Required action: Only the lines from the beginning of the data through the one with "Figure US20100104626A1-20100429-C00034" belong in the answer, each retyped exactly, with pictures left out.

START Data extracts

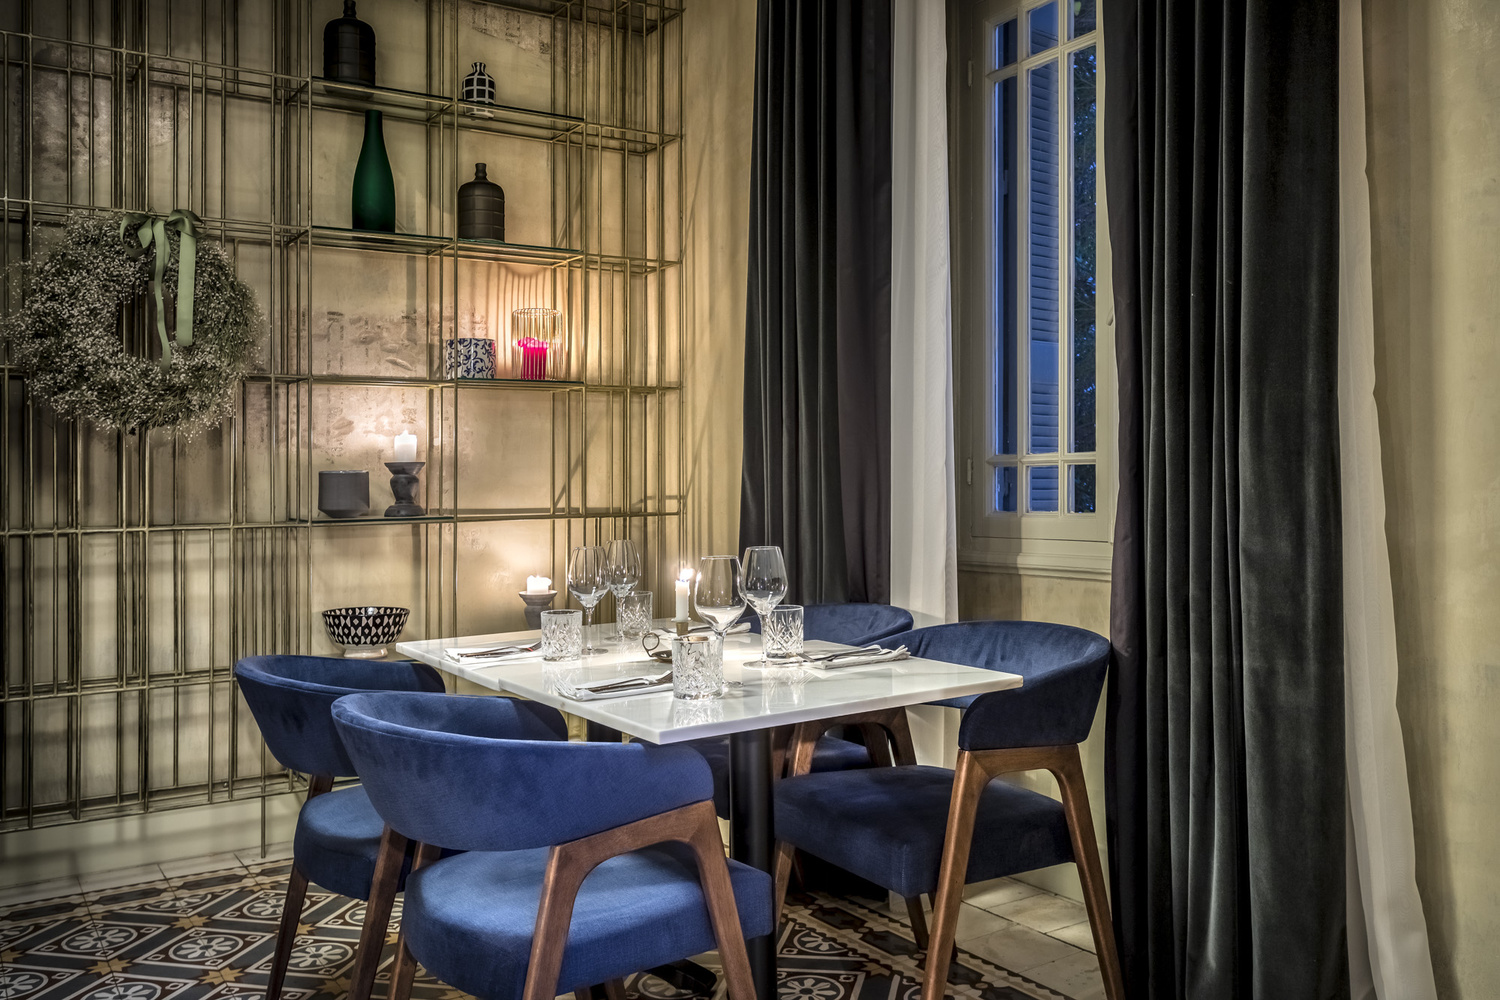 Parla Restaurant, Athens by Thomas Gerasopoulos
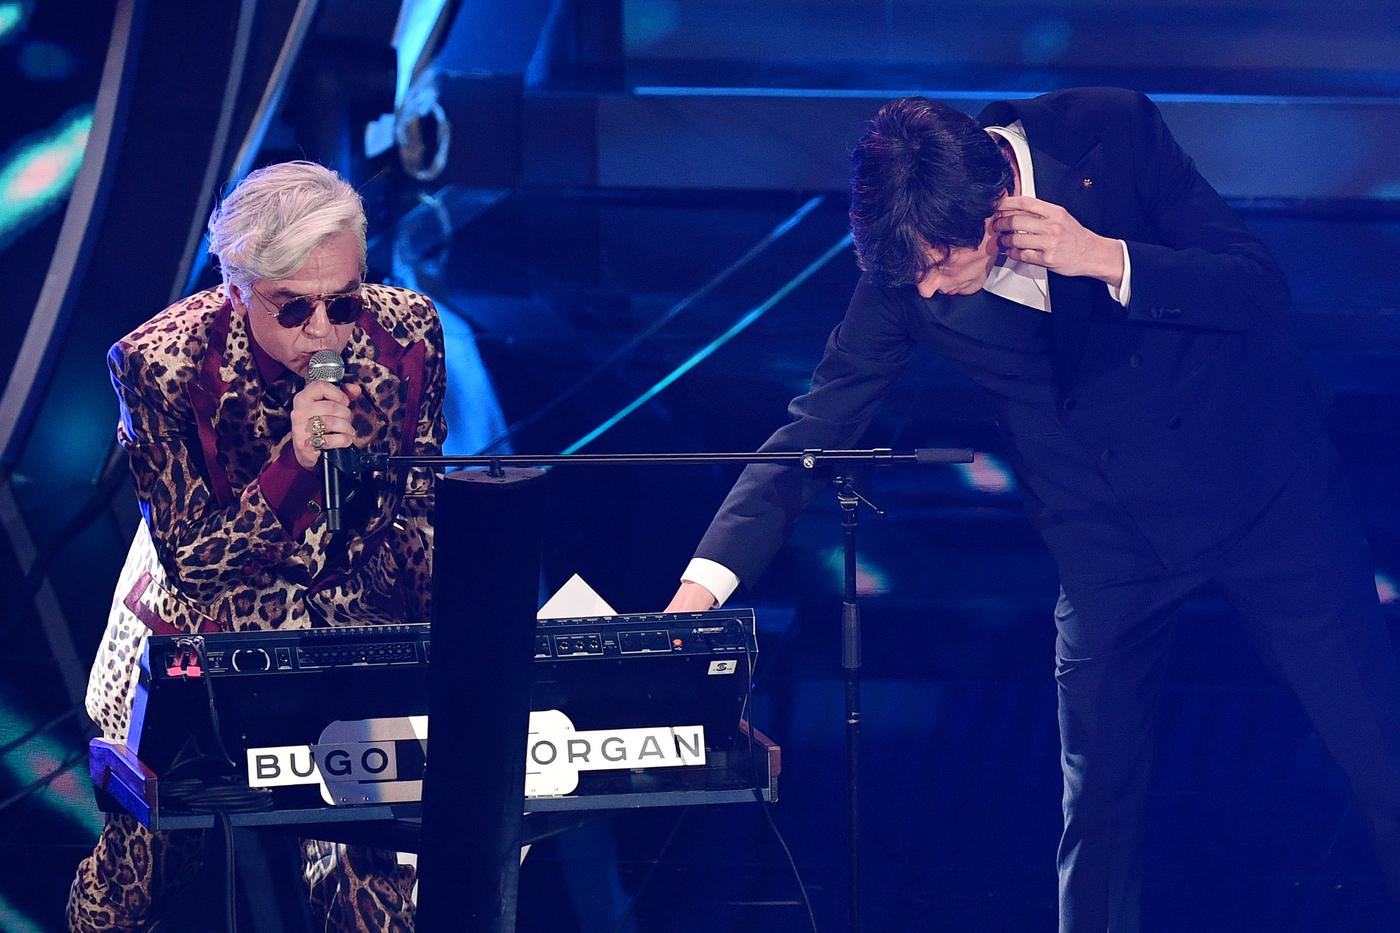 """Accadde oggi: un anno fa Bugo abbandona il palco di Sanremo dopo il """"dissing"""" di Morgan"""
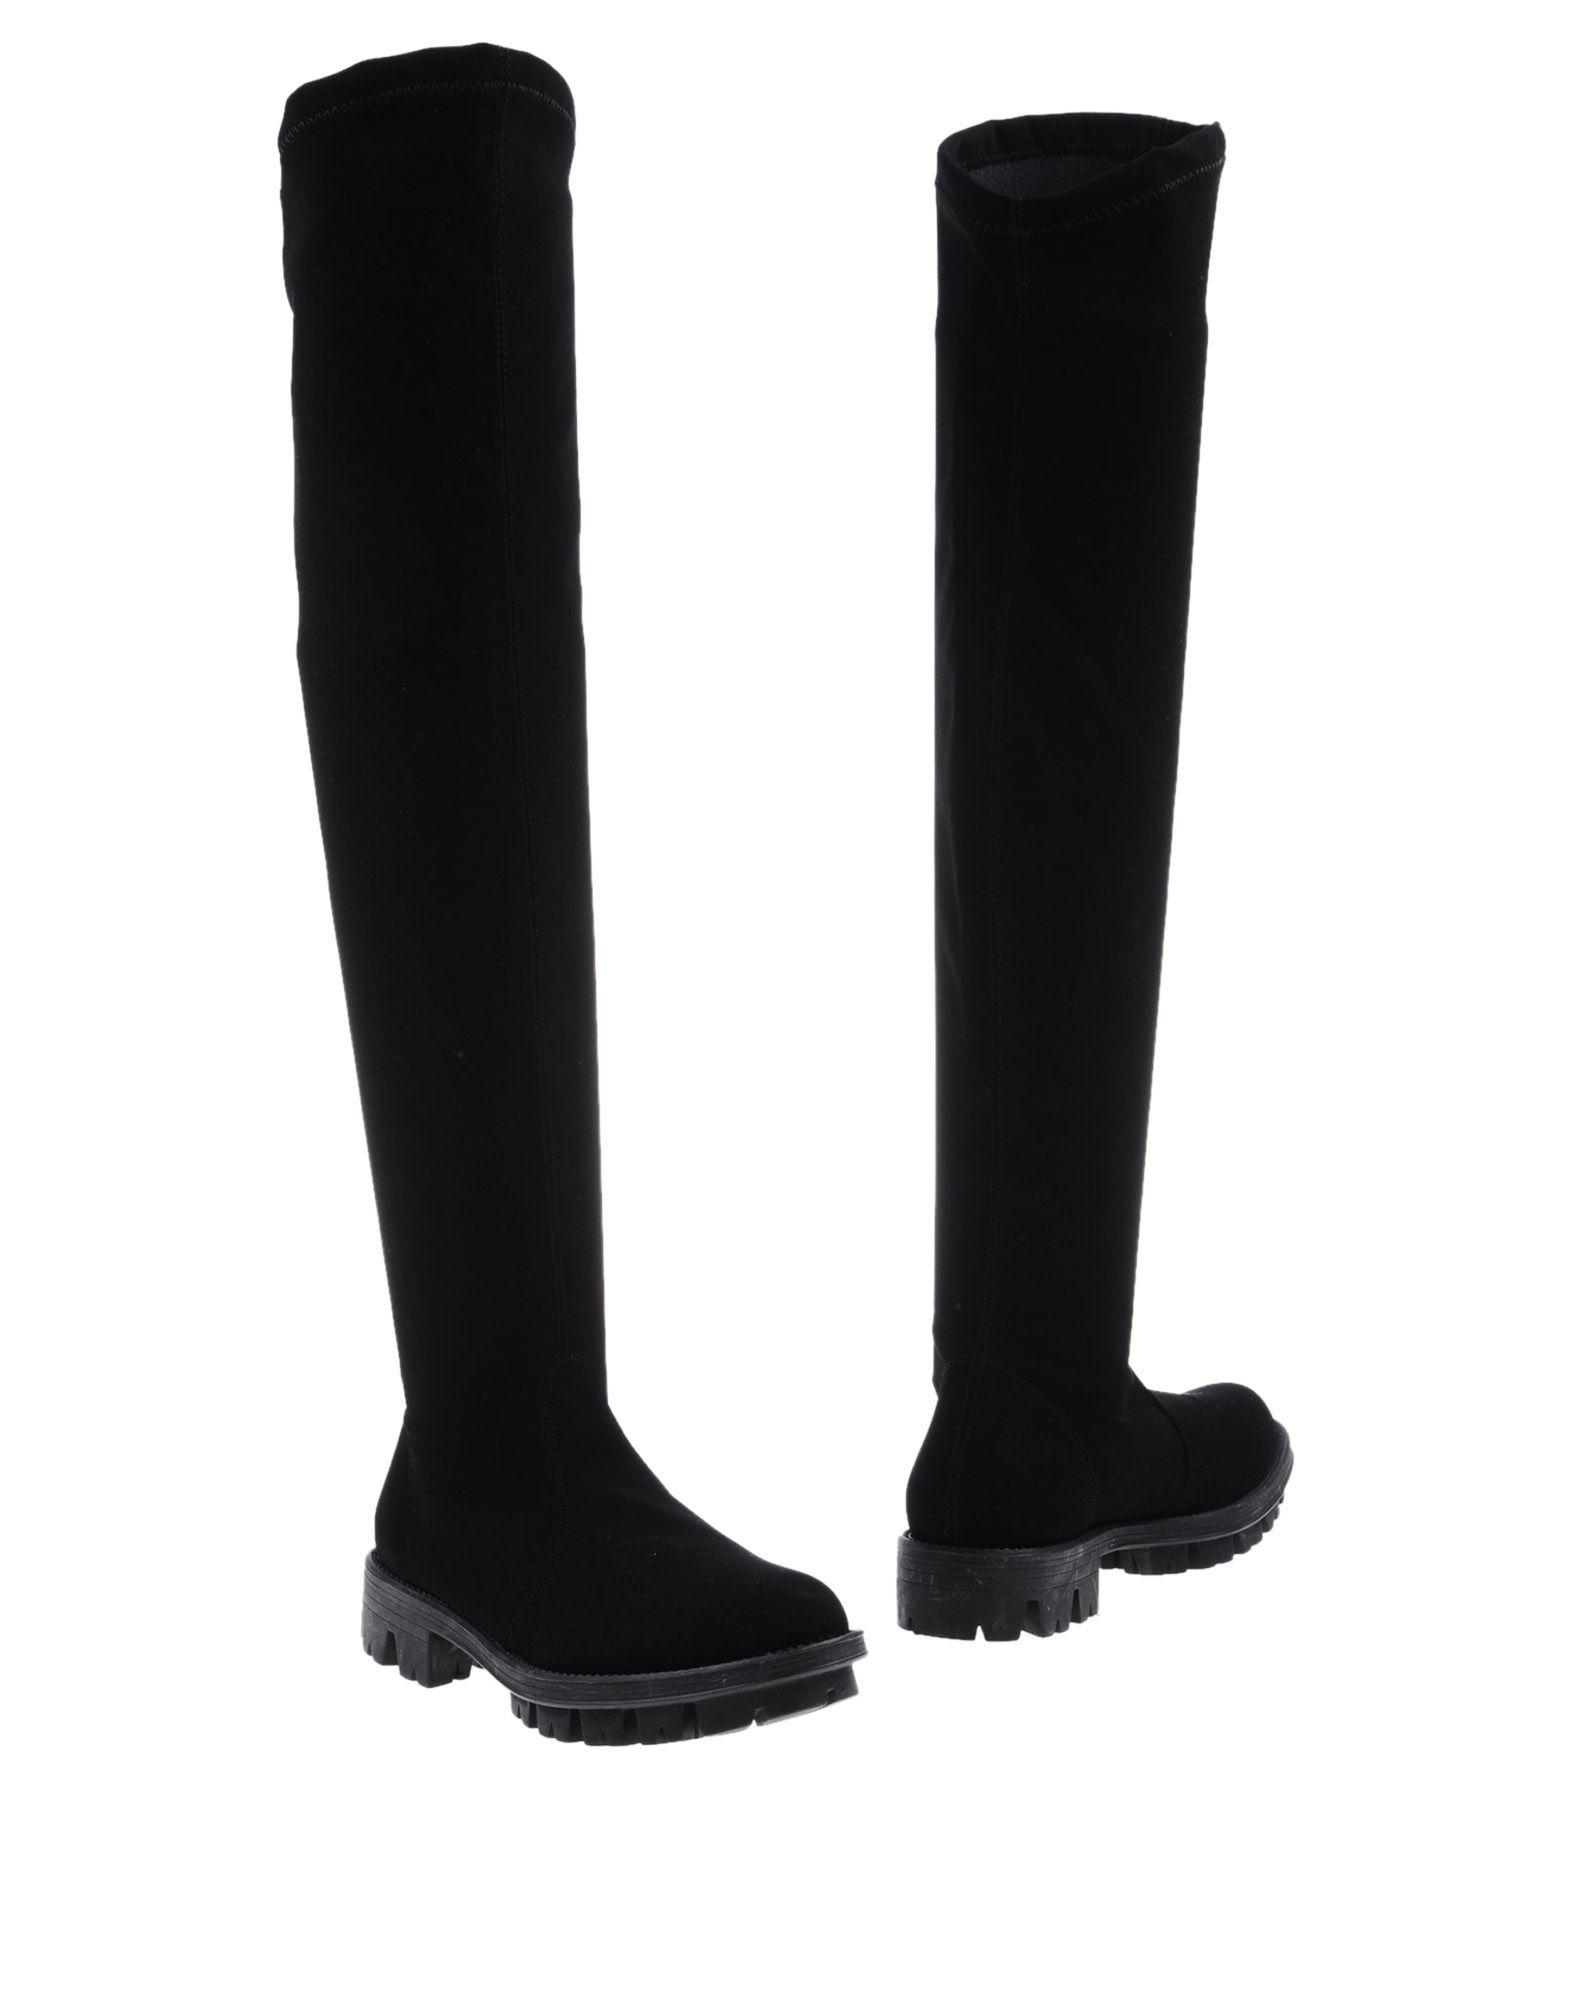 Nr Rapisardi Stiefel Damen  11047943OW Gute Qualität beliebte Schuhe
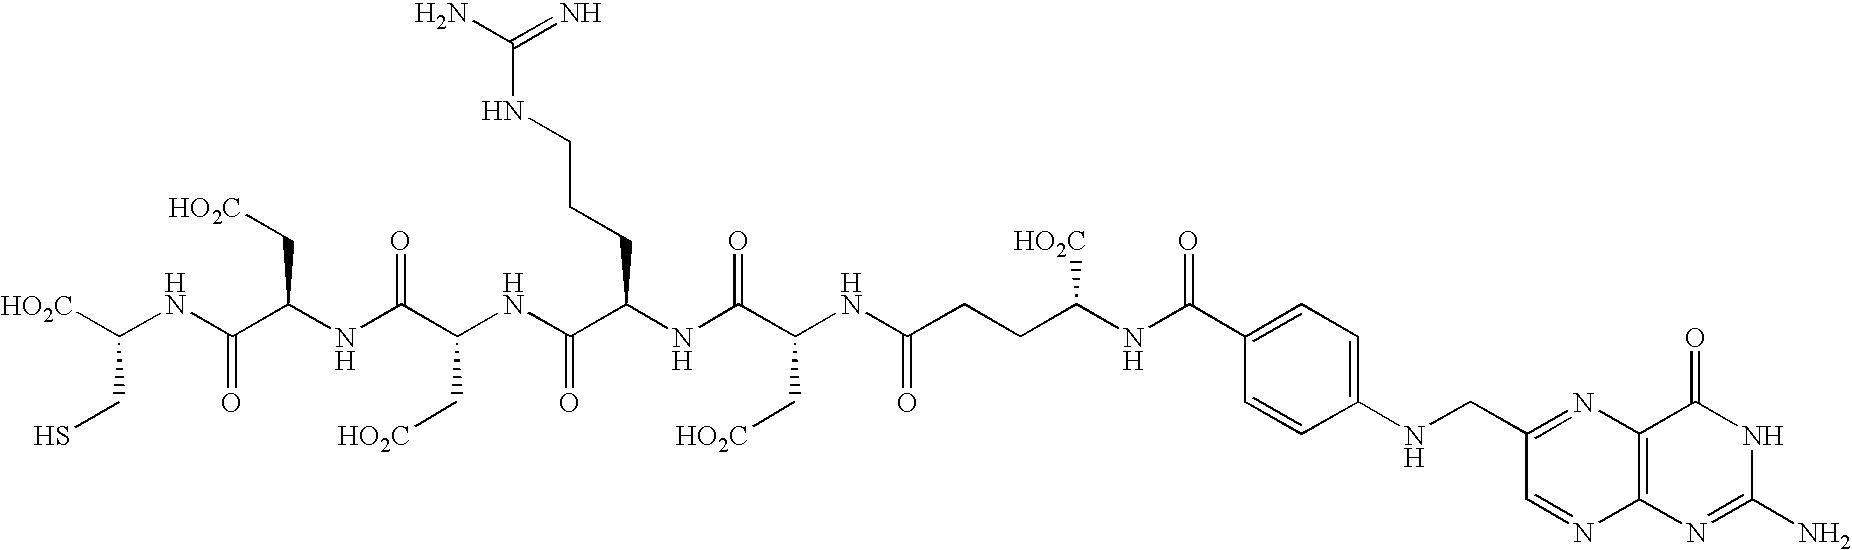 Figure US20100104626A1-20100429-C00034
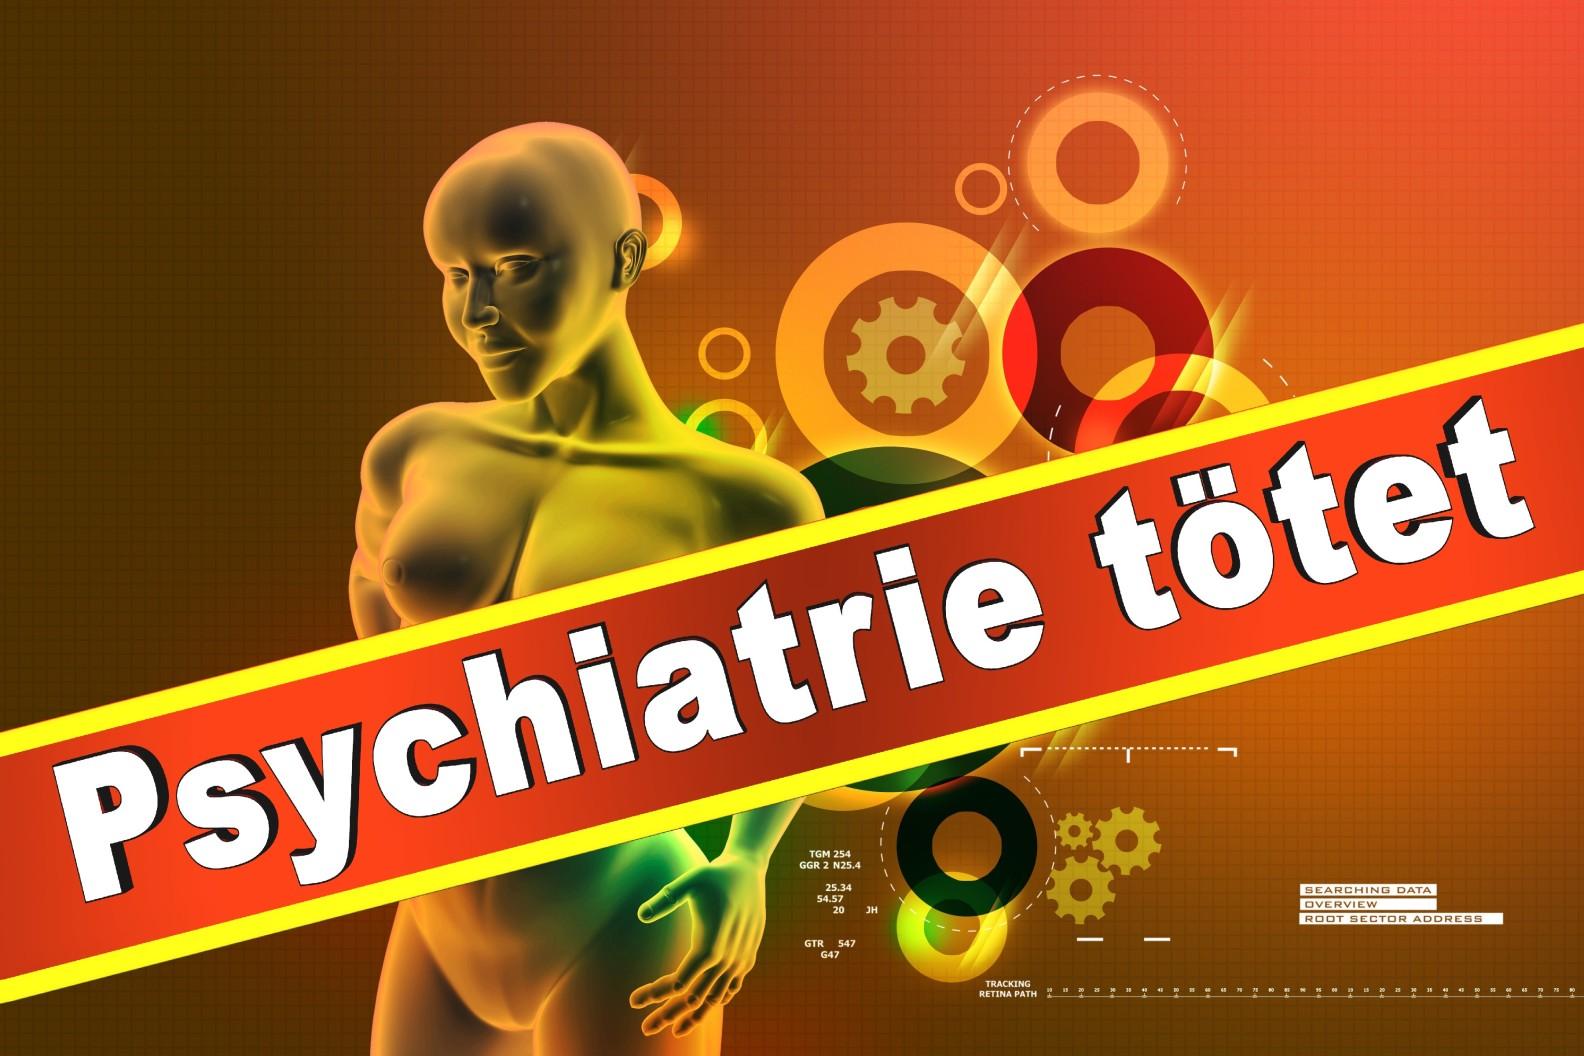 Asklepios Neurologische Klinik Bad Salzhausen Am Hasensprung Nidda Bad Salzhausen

END Data extracts

Output below:
 Parla Restaurant, Athens by Thomas Gerasopoulos
 """Accadde oggi: un anno fa Bugo abbandona il palco di Sanremo dopo il """"dissing"""" di Morgan"""
 Nr Rapisardi Stiefel Damen  11047943OW Gute Qualität beliebte Schuhe
 Figure US20100104626A1-20100429-C00034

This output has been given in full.